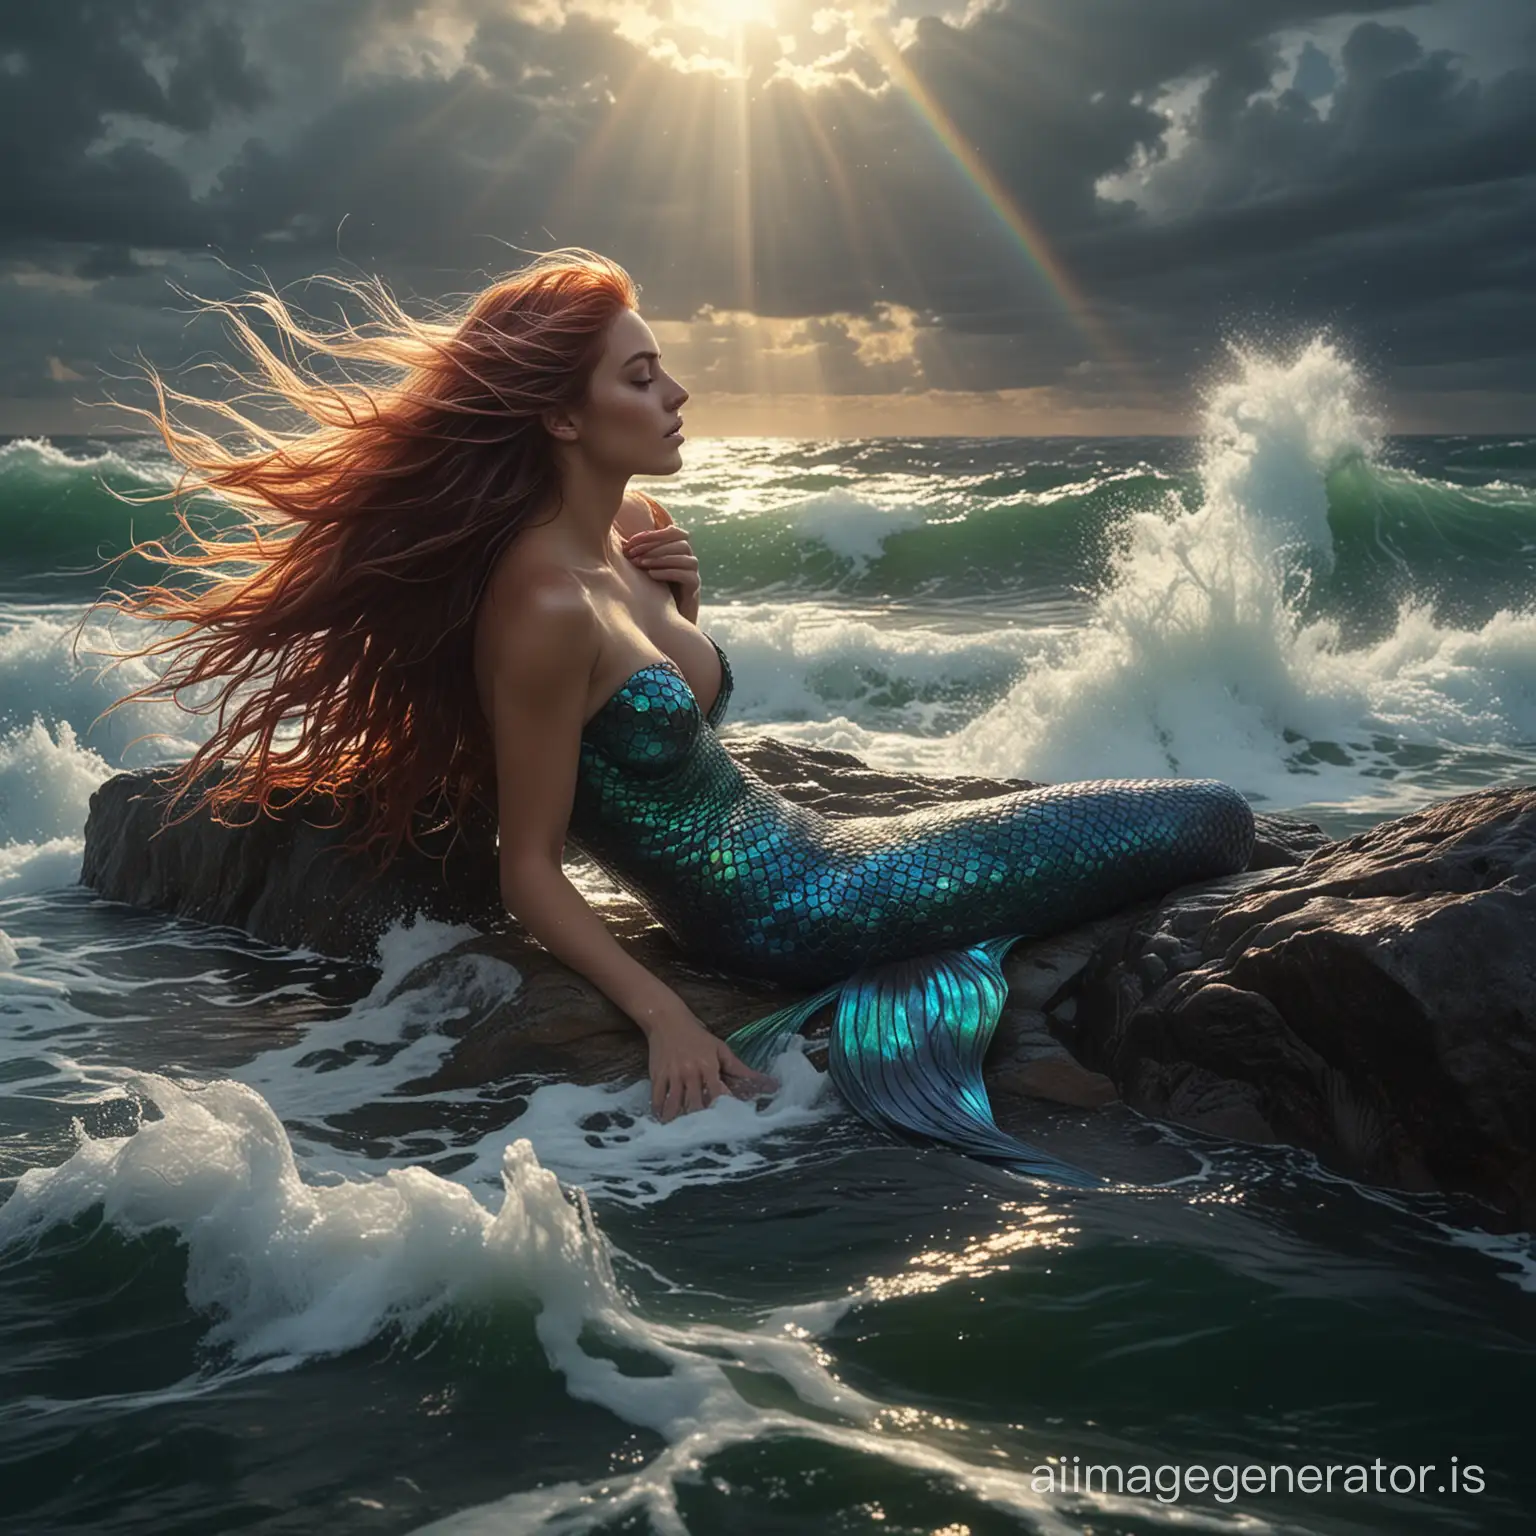 Mermaid resting on a sunlit rock amidst turbulent sea waves, FranckyXVWolff style, scales reflecting spectrum of iridescent hues, tendrils of hair flowing with the water's movement, surrounded by a shimmering aura, backdrop of stormy skies clearing above, high-definition 6k resolution, ultra-clear, dramatic lighting.
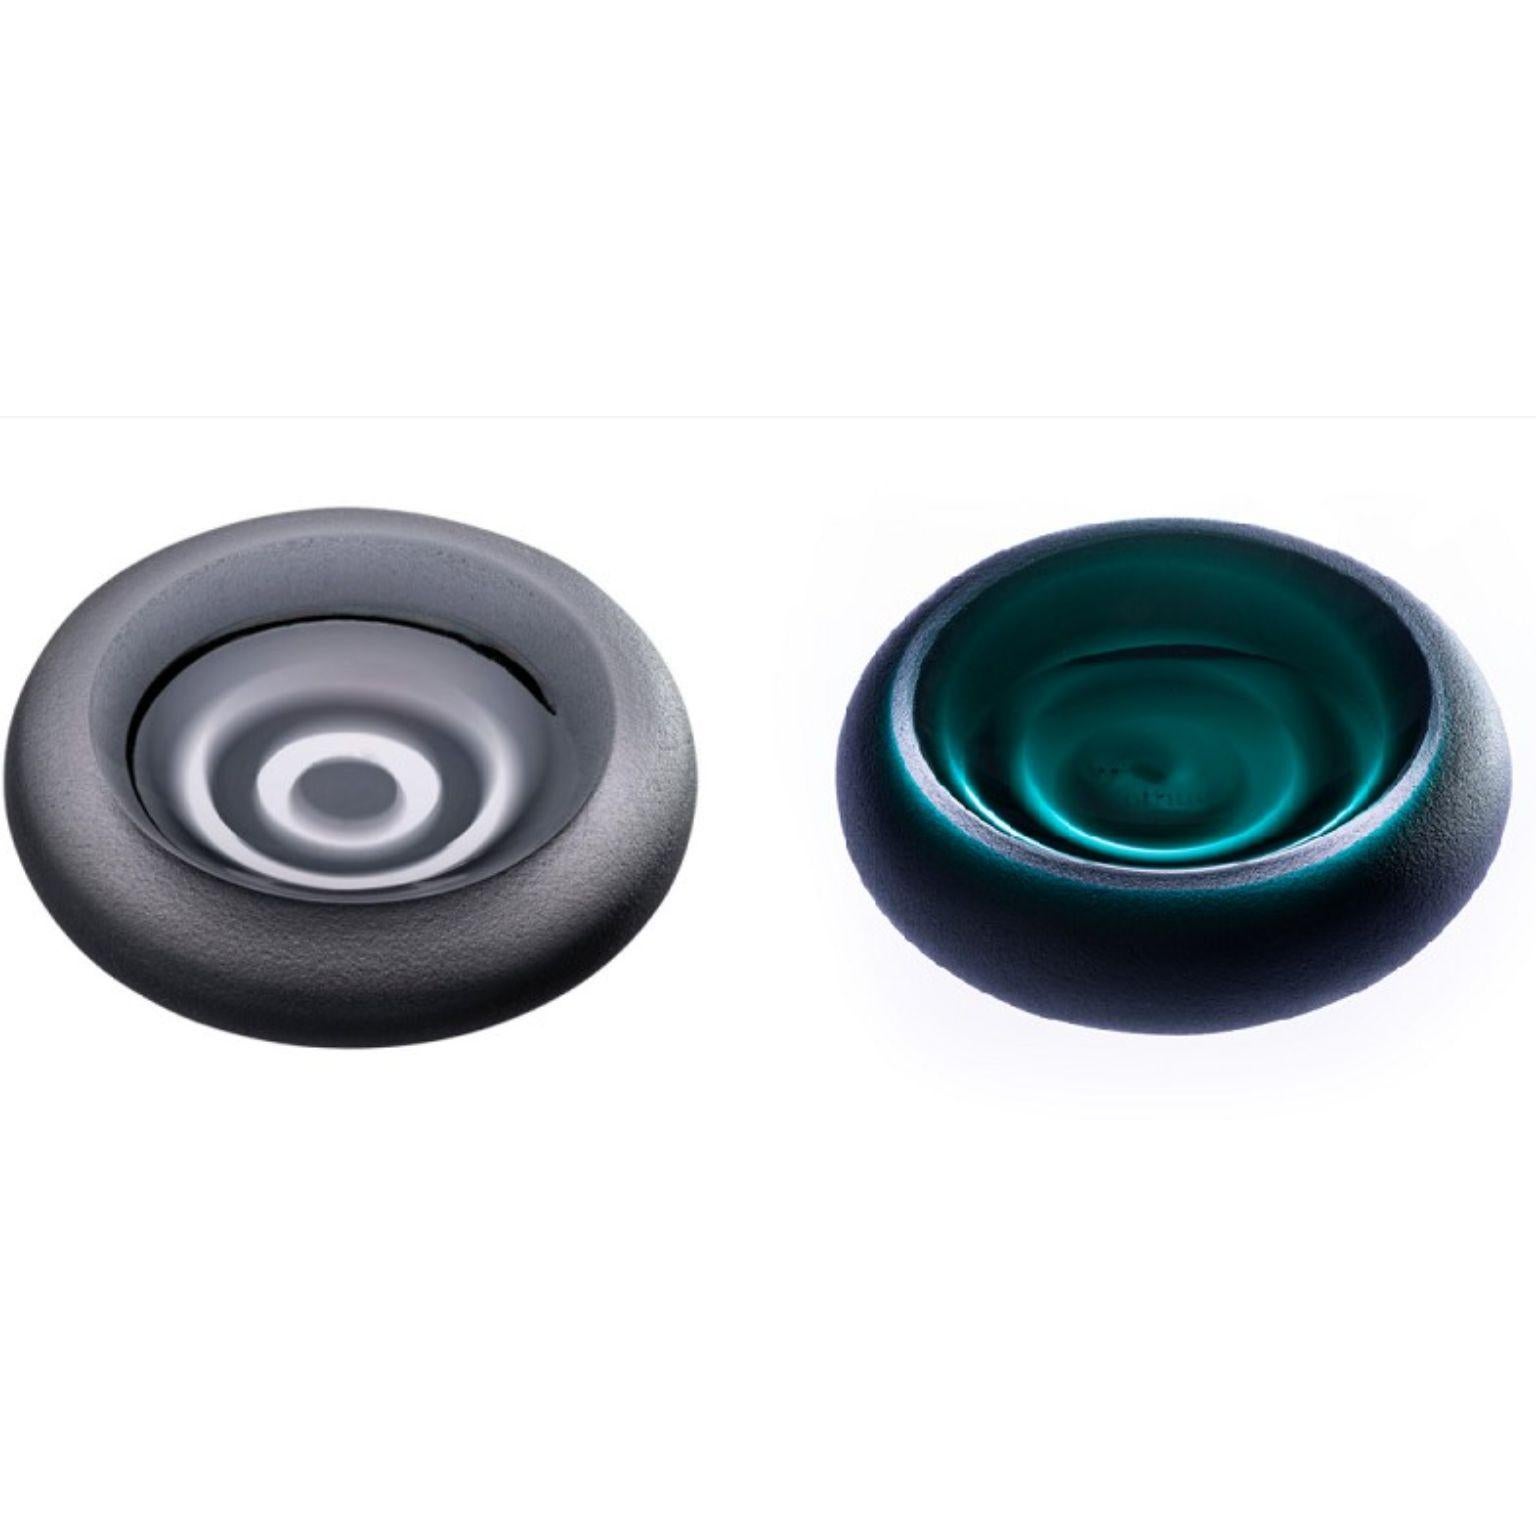 Set of 2 Incisioni Iridi Sand Ashtrays by Purho
Dimensions: D14x H3.5 cm each
Materials: Glass
Other colours and dimensions are available.

Purho is a new protagonist of made in Italy design , a work of synthesis, a research that has lasted for

● What you need to do
Exactly the lines from the one with "Set of 2 Incisioni" through the end of the entries above must be written out, and no pictures may be included.

● Task response
 Set of 2 Incisioni Iridi Sand Ashtrays by Purho
Dimensions: D14x H3.5 cm each
Materials: Glass
Other colours and dimensions are available.

Purho is a new protagonist of made in Italy design , a work of synthesis, a research that has lasted for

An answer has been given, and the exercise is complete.